Of course, if we have a data set with \(N\) data points \(\mathcal{D} = \{(x^{(n)})\}_{n=1}^N\), then we have that $$ l(\theta) = \sum_{n=1} \log \sum_{z} p(x^{(n)}, z^{(n)}) $$ and $$ Q(\theta, \theta^t) = \sum_n \mathbb{E}_{p(z^{(n)} | x^{(n)}, \theta^t)} \left[ \log p(x^{(n)}, z^{(n)}|\theta) \right], $$ but everything else stays the same.

The catch

The EM algorithm only guarantees that we will reach a local optimium. This means that there may have been better parameters to increase the likelihood but because it guarantees that it will never decrease, it will never reach them (because to get there it would have to temporarily decrease). For this reason, it is sometimes useful to do the algorithm a couple of times starting from different initial parameters and then choose the one that maximises the likelihood (or use cross validation). However, it works well in practice and it is used extensively in machine learning and statistics.

Example: Mixture of Bernoulli

A lot of textbooks stop at this point it seems or give the EM algorithm for a Mixture of Gaussians, so I have decided to show a concrete example on a Mixture of Bernoulli (MoB) distribution.
A MoB distribution is a model for multivariate binary data which takes the form $$ p(x, z) = p(x | z) p(z) = \prod_{k=1}^K (p(z = k) p(x | z = k))^{\mathbb{I}(z = k)}, $$ where \(z \in \{1, 2, \dots, K\}\), is the latent variable i.e. we don't see it, and \(x \in \{0, 1\}^D\), which is visible.
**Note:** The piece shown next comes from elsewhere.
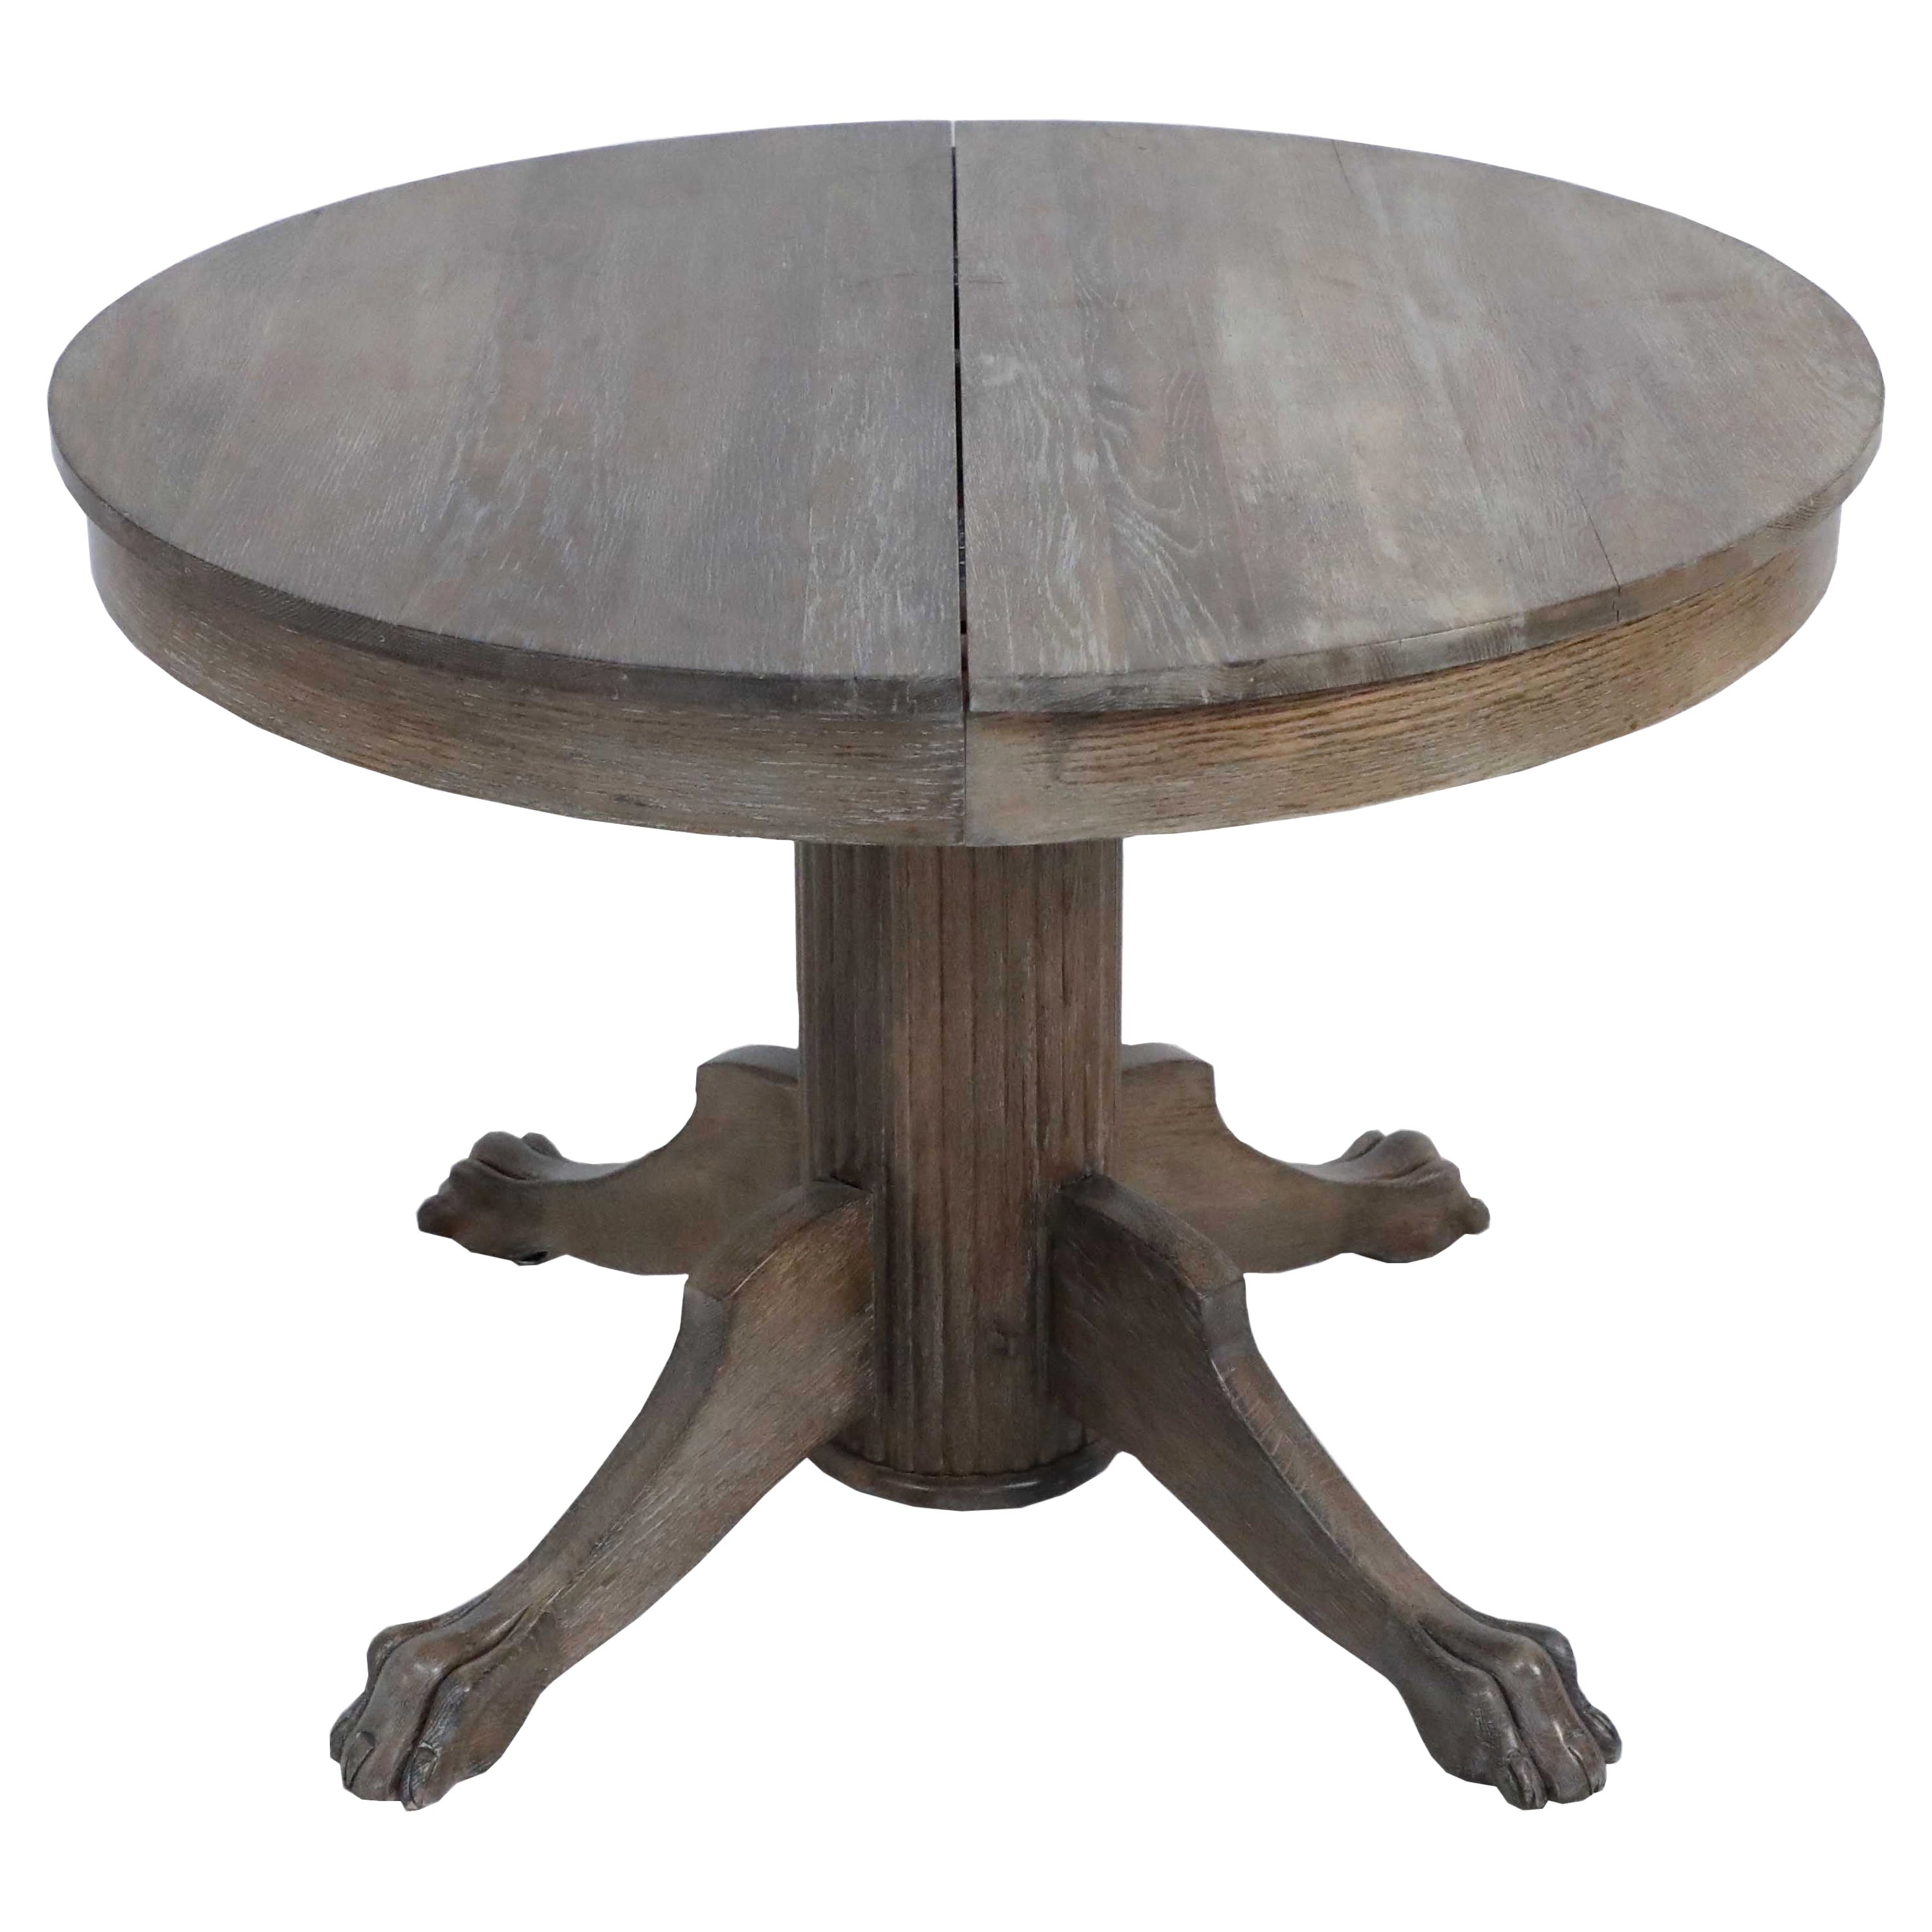 English Edwardian Cerused Oak Circular Claw Foot Center/Dining Table with Leaves For Sale
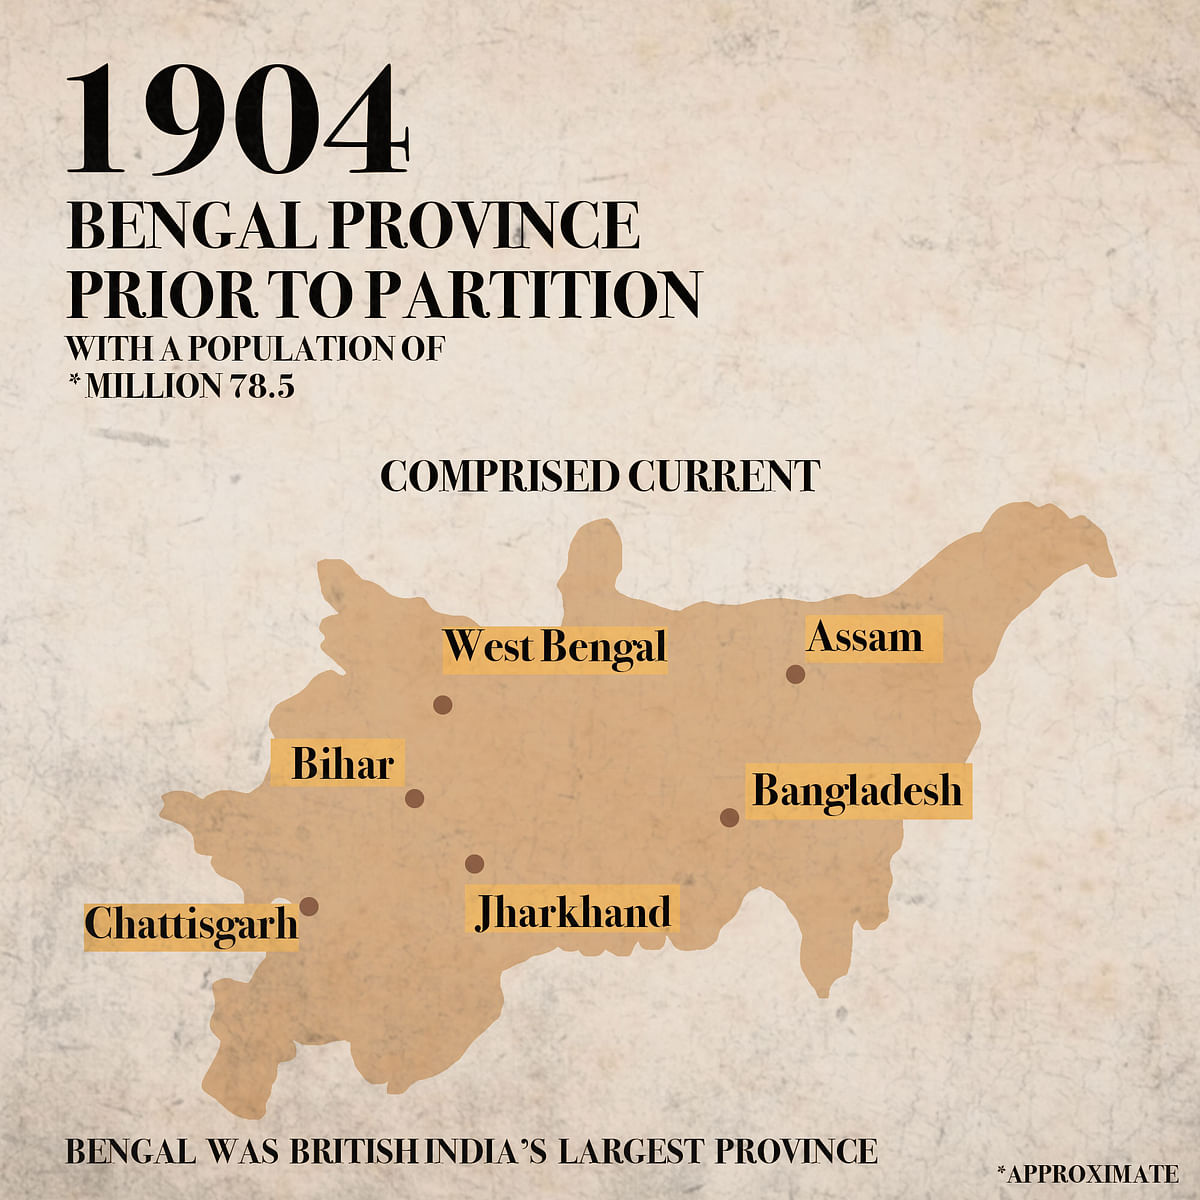  In 1905, Lord Curzon decided to divide Bengal, and in a well-planned move, it was partitioned on religious lines.

The generative process can be thought of first picking a value for \(z\) from a a categorical distribution and then generating an \(x\) from a multivariate Bernoulli distribution, whose parameters depend on the value of \(z\). Each multivariate Bernoulli distribution, \(p(x | z = k)\), makes an independence assumption about the features in \(x\) i.e. given the value of \(z\), we assume all the features of \(x\) are independent, as such $$ p(x|z=k) = \prod_{d=1}^D p(x_d = 1|z=k)^{x_d} (1 - p(x_d = 1|z=k))^{1-x_d}. $$
Now, this may seem like a very strong assumption, but it still can model some things. For example, suppose that we want to model a multivariate binary variable, whose dimension is \(D = L^2 = 21^2 = 441\) and represents an \(L\times L\) image of either a square or a triangle, whose length, \(l\), is equal to 15 and it is randomly placed within this grid. Some sample images can be seen below.
The pixels that are coloured dark purple are equal to 1 and the white background pixels are equal to zero. The middle pixel is coloured in a light purple. We can think of the generative process as first choosing whether a triangle or a square will be generated, and then choosing where to place the shape. The choice between the triangle and the square can be encoded by \(z\) and then once we choos the shape, we can generate it by sampling from the associated Bernoullis.
Let \(z=1\) denote a square and \(z=2\) denote a triangle. If we pick a square, we can see that the middle pixel is always going to be one (since the square has length 15 and the canvas has length only 21, which means that the 10th pixel will always be covered by the square). This means that \(p(x = 1| z = 1) = 1\). However, when \(z=2\) we can see from som of the examples below that this is not the case, and we can also see that for any pixel in the top right corner \(p(x =1 | z=2) = 0\) (the pixels are always zero). Of course, it is clear that given \(z\) the dimensions are still highly dependent, but this is just an illustration which is easy to visualise, which is why I chose it.

The update equations

So, now that we know what a MoB is, let's derive the equations for the EM algorithm for it. First of all, let us define the following for simplicity $$ \begin{align} \pi_k &= p(z = k), \\ \mu_{k, d} &= p(x_d = 1 | z = k ). \end{align} $$ We know that the parameters to be estimated are \(\theta = \{\pi_k, \mu_{k, d}\}_{k=1, \cdots, K, d = 1, \cdots, D}\). So, starting with the E step, we have $$ \begin{align} p(z^{(n)} = k | x^{(n)}, \theta^t) &= \frac{p(z^{(n)} = k, x^{(n)}| \theta^t)} {\sum_j p(z^{(n)} = j, x^{(n)}| \theta^t)} \\ &= \frac{\pi_k^t p(x^{(n)} | z^{(n)} = k, \theta^t)} {\sum_j \pi_j^t p(x^{(n)} | z^{(n)} = j, \theta^t)} \\ &= q^t(z^{(n)}=k). \end{align} $$ Note, everything in this equation is calculable when we have the parameters. Another thing is that, we have a different posterior probability for the hidden variable for each visible data point. This means that to calculate this quantity for all data points we basically need to do \(\mathcal{O}(NK)\) operations, since we need to do this for every data point (\(N\)) and for as many components as there are data points (\(K\)). And that is all the calculation that needs to be done for the E step.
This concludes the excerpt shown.